Effectiveness of salt substitute on cardiovascular outcomes: A systematic review and meta‐analysis

• Published in: The journal of clinical hypertension (Greenwich, Conn.) Vol. 24; no. 9; pp. 1147 - 1160
• Main Authors: Tsai, Yi‐Ching, Tsao, Yen‐Po, Huang, Chi‐Jung, Tai, Yen‐Hsuan, Su, Yang‐Chin, Chiang, Chern‐En, Sung, Shih‐Hsien, Chen, Chen‐Huan, Cheng, Hao‐Min
• Format: Journal Article
• Language: English
• Published: New York John Wiley & Sons, Inc 01.09.2022; John Wiley and Sons Inc; Wiley
• Subjects: Blood pressure; Cardiovascular disease; Cardiovascular outcomes; Chloride; Collaboration; Diet; Hypertension; Intervention; Meta-analysis; Mortality; Potassium; Salt; Salt substitute; Sodium; Systematic review; Systematic Review and Meta‐analysis; Urine; Brazil
• ISSN: 1524-6175; 1751-7176; 1751-7176
• DOI: 10.1111/jch.14562

Hypertension‐related death is the leading cause of mortality worldwide, making blood pressure (BP) control an important issue. Salt substitute is a non‐pharmaceutical strategy to improve hypertension control. The goal of this study was to evaluate the effect of salt substitute on BP and cardiovascular disease. The authors searched the Cochrane Library and PubMed databases through March 2022, and assessed the risk‐of‐bias for included studies by the Cochrane risk‐of‐bias tool. Twenty‐three randomized controlled trials with 32073 patients were included in our systematic review. A meta‐analysis with random effects was performed to analyze the effects of salt substitute on systolic and diastolic BP, 24‐h urinary sodium and potassium, and cardiovascular and all‐cause mortality. In the random‐effects model, participants consuming salt substitute showed significant reduction in systolic BP (mean difference (MD) −4.80 mmHg, 95% confidence interval (CI) −6.12 to −3.48, P < 0.0001) and diastolic BP (MD −1.48 mmHg, 95% CI −2.06 to −0.90, P < 0.0001) compared with participants consuming normal salt.
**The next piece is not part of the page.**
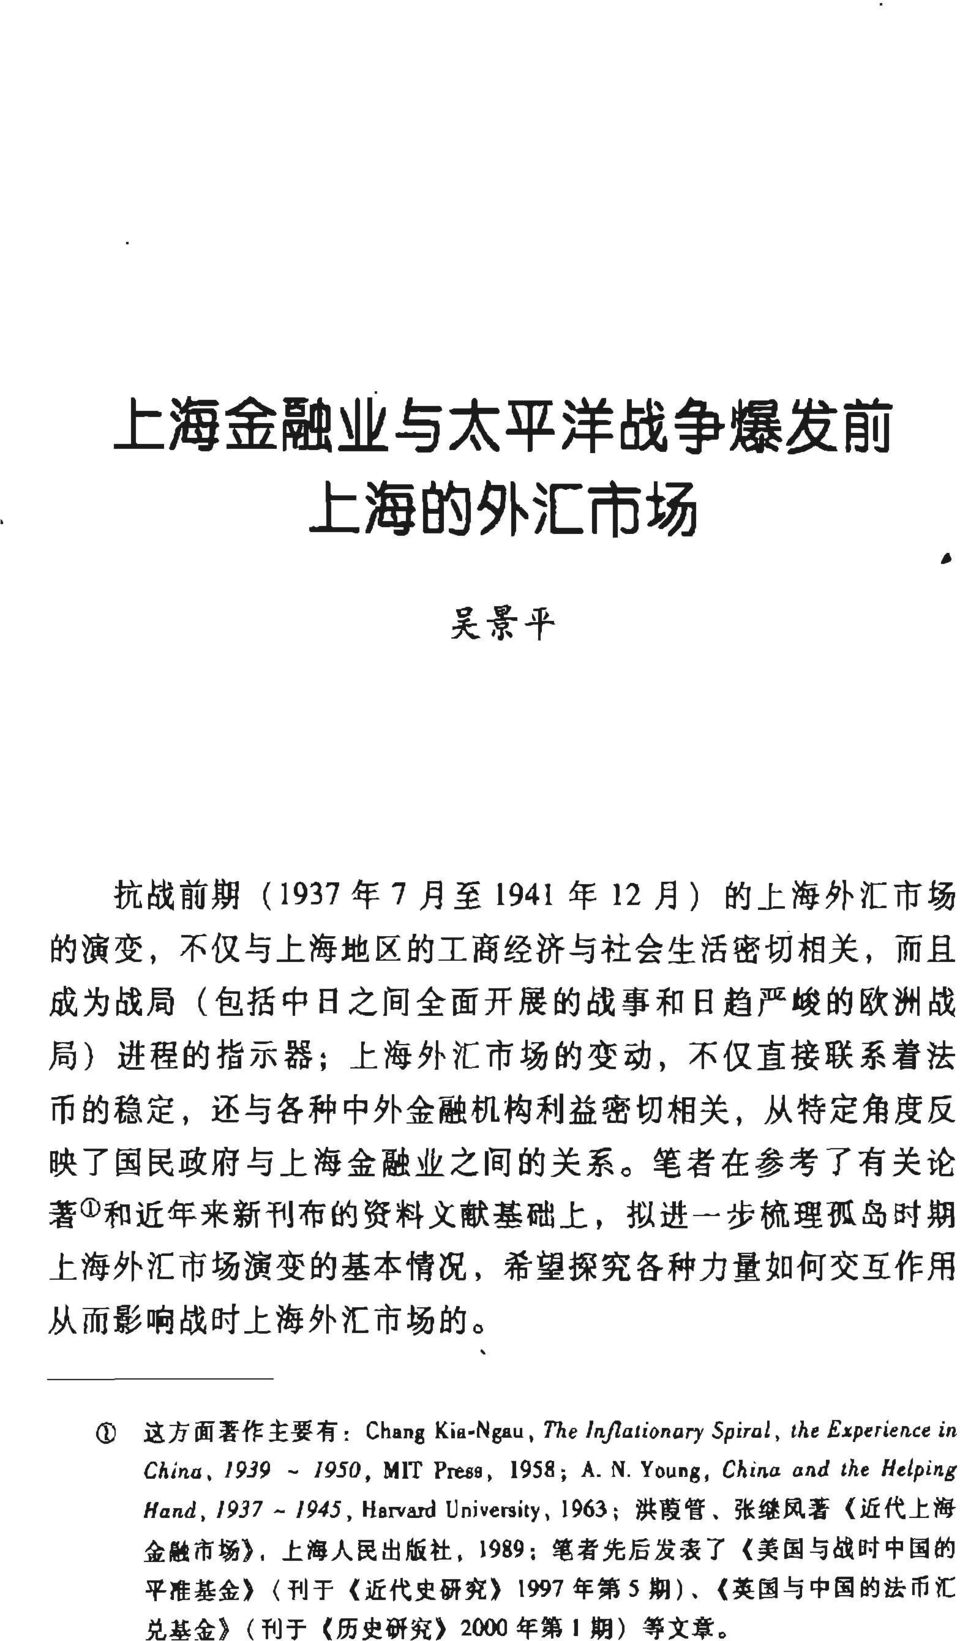 基 础 上, 拟 进 一 步 梳 理 孤 岛 时 期 上 海 外 汇 市 场 演 变 的 基 本 情 况, 希 望 探 究 各 种 力 量 如 何 交 互 作 用 从 而 影 响 战 时 上 海 外 汇 市 场 的 1 远 方 面 著 作 主 要 有 Chaßg K 叶 Ngau, The InjlaliQnary Spiral, tht Exptritnce in China, 1939

In the urine electrolyte analysis, the salt substitute group had significant reduction in 24‐h urine sodium (MD −22.96 mmol/24‐h, P = 0.0001) and significant elevation in 24‐h urine potassium (MD 14.41 mmol/24‐h, P < 0.0001). Of the five studies with mortality outcome data, salt substitute significantly reduced all‐cause mortality (hazard ratio 0.88, P = 0.0003). In conclusion, our analyses showed that salt substitute has a strong effect on lowering BP and reducing all‐cause mortality. By modifying the daily diet with salt substitute, the authors can improve BP control by using this non‐pharmaceutical management.